Task data:

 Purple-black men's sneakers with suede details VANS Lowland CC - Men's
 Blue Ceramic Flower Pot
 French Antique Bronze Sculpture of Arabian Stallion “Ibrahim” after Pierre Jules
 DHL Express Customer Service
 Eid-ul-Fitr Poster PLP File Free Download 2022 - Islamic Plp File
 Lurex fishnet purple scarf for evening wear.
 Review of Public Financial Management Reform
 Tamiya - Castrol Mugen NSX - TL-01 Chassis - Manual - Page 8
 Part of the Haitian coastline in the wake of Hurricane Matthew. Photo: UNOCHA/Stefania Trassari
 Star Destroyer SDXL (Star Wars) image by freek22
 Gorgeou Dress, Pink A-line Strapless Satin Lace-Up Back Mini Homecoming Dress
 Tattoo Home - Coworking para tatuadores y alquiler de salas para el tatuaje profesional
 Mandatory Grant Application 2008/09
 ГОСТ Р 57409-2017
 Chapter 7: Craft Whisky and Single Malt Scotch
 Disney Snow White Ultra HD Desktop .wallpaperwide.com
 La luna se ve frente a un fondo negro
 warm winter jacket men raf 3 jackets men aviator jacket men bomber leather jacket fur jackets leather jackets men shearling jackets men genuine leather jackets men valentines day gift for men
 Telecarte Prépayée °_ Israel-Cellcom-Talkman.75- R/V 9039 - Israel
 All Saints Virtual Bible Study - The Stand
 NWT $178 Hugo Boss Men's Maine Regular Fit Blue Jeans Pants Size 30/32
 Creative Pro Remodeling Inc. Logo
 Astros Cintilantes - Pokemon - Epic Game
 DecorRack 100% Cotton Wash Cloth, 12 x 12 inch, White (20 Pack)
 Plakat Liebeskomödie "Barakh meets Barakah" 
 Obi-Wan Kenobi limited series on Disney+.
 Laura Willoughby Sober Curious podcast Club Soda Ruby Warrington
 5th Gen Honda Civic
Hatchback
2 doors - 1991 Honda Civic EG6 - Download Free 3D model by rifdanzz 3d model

To do: Tally the lines in the records that contain "White", then give only the tally.

Task answer: 2